To briefly demonstrate what this means, we can trivially plot the location of each recorded node:
We can also collect spatio-temporal ancestry information of a particular node (i.e. the times and locations of all of its ancestors all the way to the root, with each “link” in the plot signifying parent-child edge somewhere along the tree sequence) and plot it on a 2D surface (x and y dimensions [0, 1]). The plot is a little chaotic, but hopefully conveys the idea (the “focal node” 0 is highlighted in red). This is essentially the same plot we have in the last figure of our paper.

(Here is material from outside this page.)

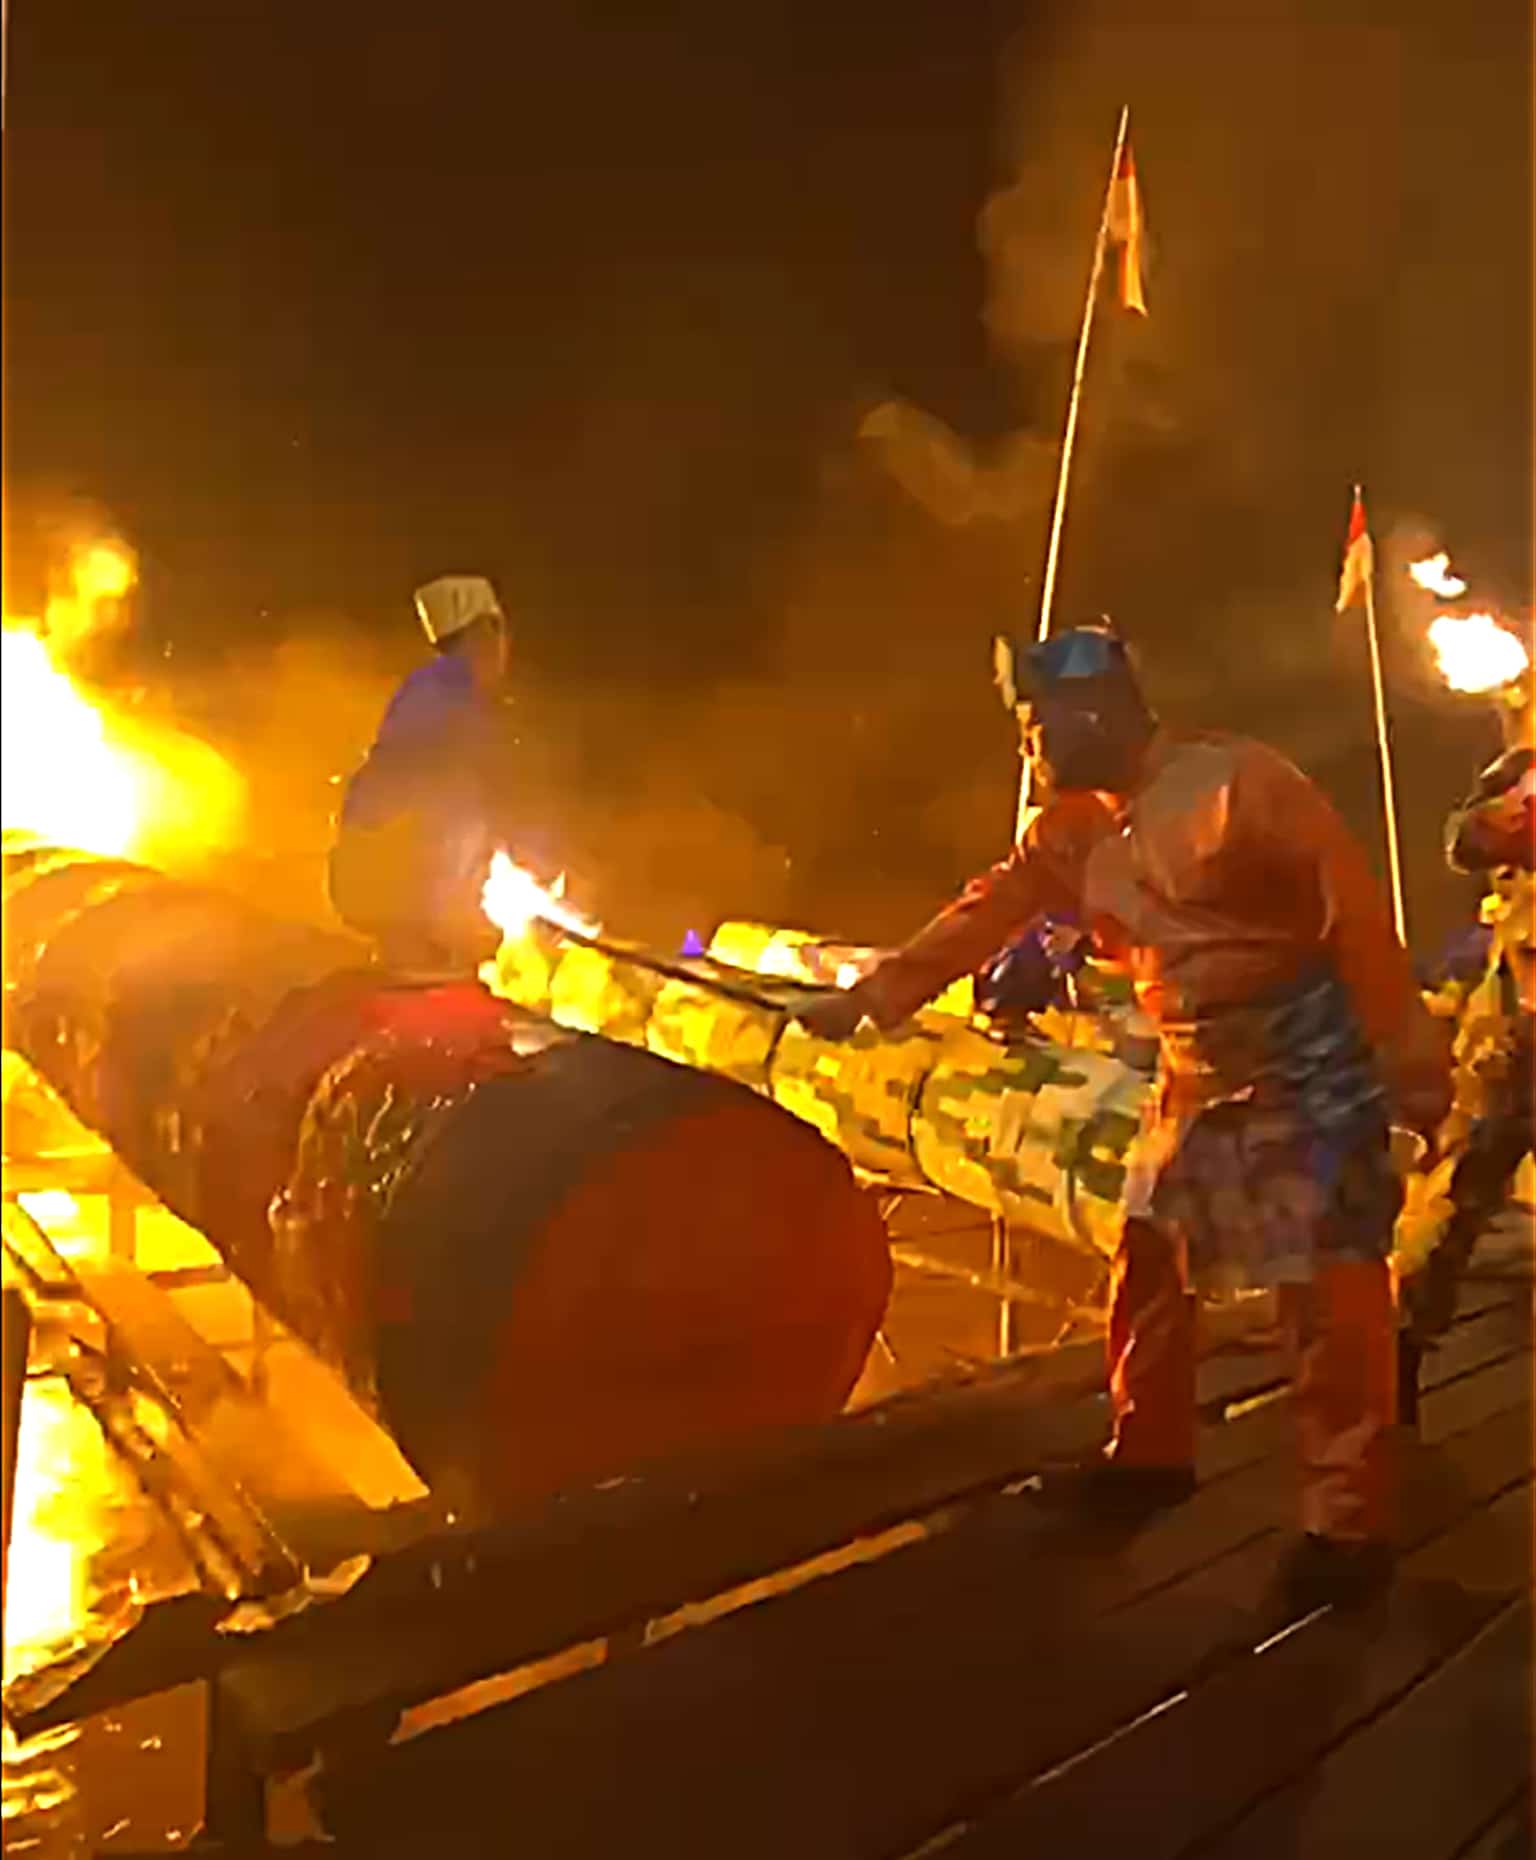 Sekda Kalbar Harisson saat menyulut meriam karbit pada acara pembukaan Festival Meriam Karbit 2023
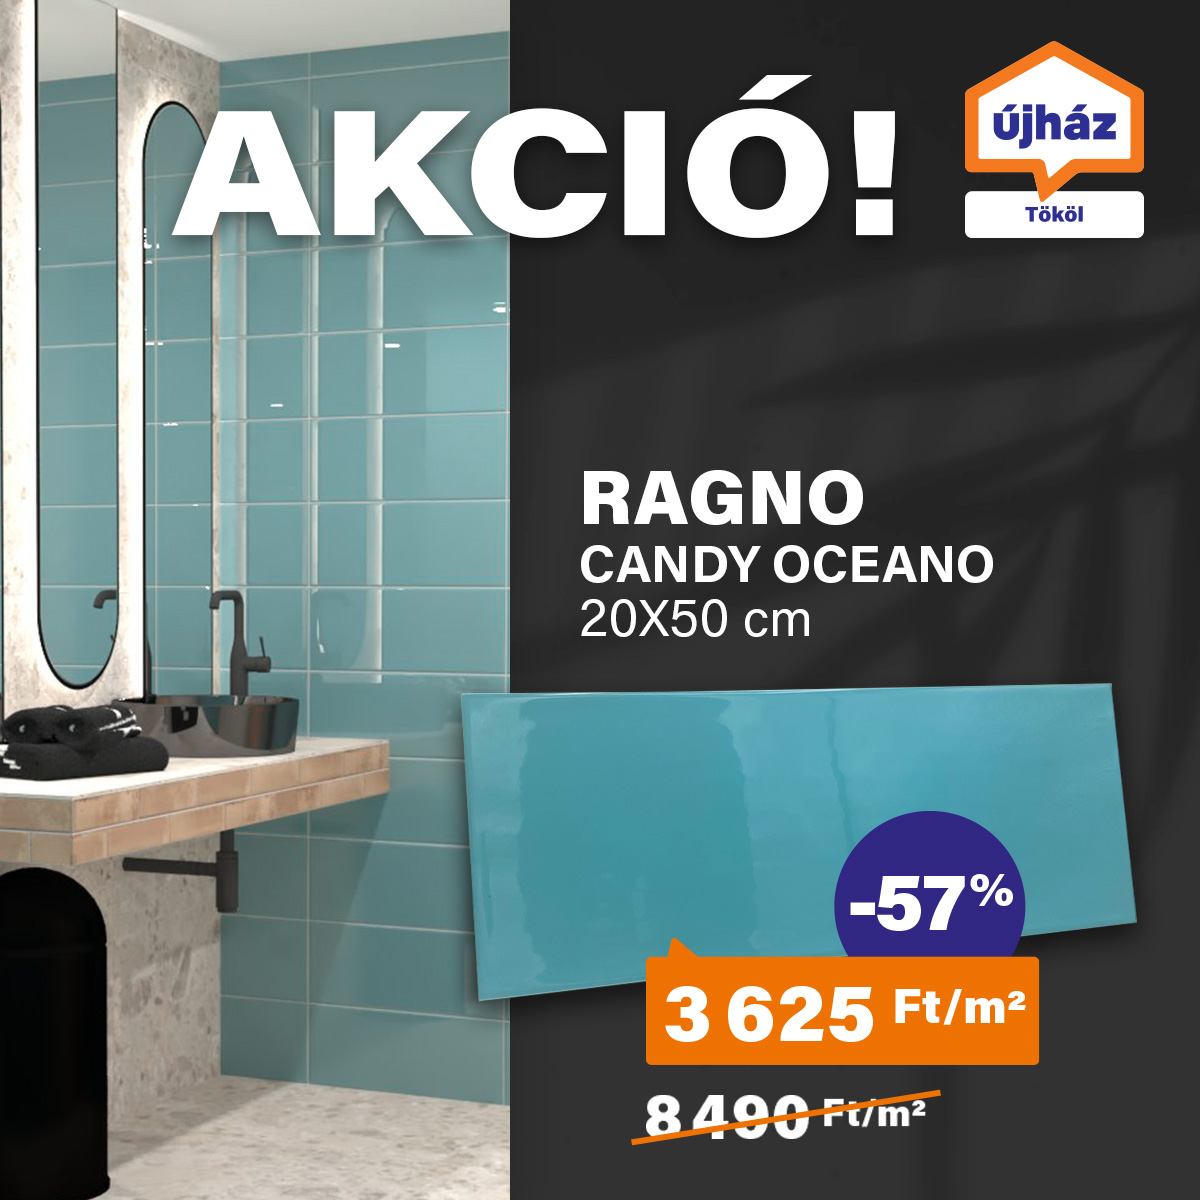 Csak a készlet erejéig: Ragno Candy oceano 20x50 cm!

ancestral_links <- ts_ancestors(ts, 0)
ggplot() +
geom_sf(data = ancestral_links, size = 0.5, aes(alpha = parent_time)) +
geom_sf(data = sf::st_set_geometry(ancestral_links, "parent_location"), aes(color = parent_time)) +
geom_sf(data = data[data$node_id == 0, ], size = 3, color = "red")
Conclusion
In this vignette we gave a brief overview of using slendr’s R-tskit interface for loading, processing, and analyzing “pure” non-slendr tree sequences produced by msprime and SLiM scripts.
Although we have only touched upon the most basic features of its R-tskit interface for standard tree sequences, it is important to note that as far as slendr is concerned, it does not matter how a tree sequence was produced, as long as it conforms to the tskit specification. This means that regardless of the source of your tree sequence data, you should be able to use slendr’s tskit functionality to run your analyses.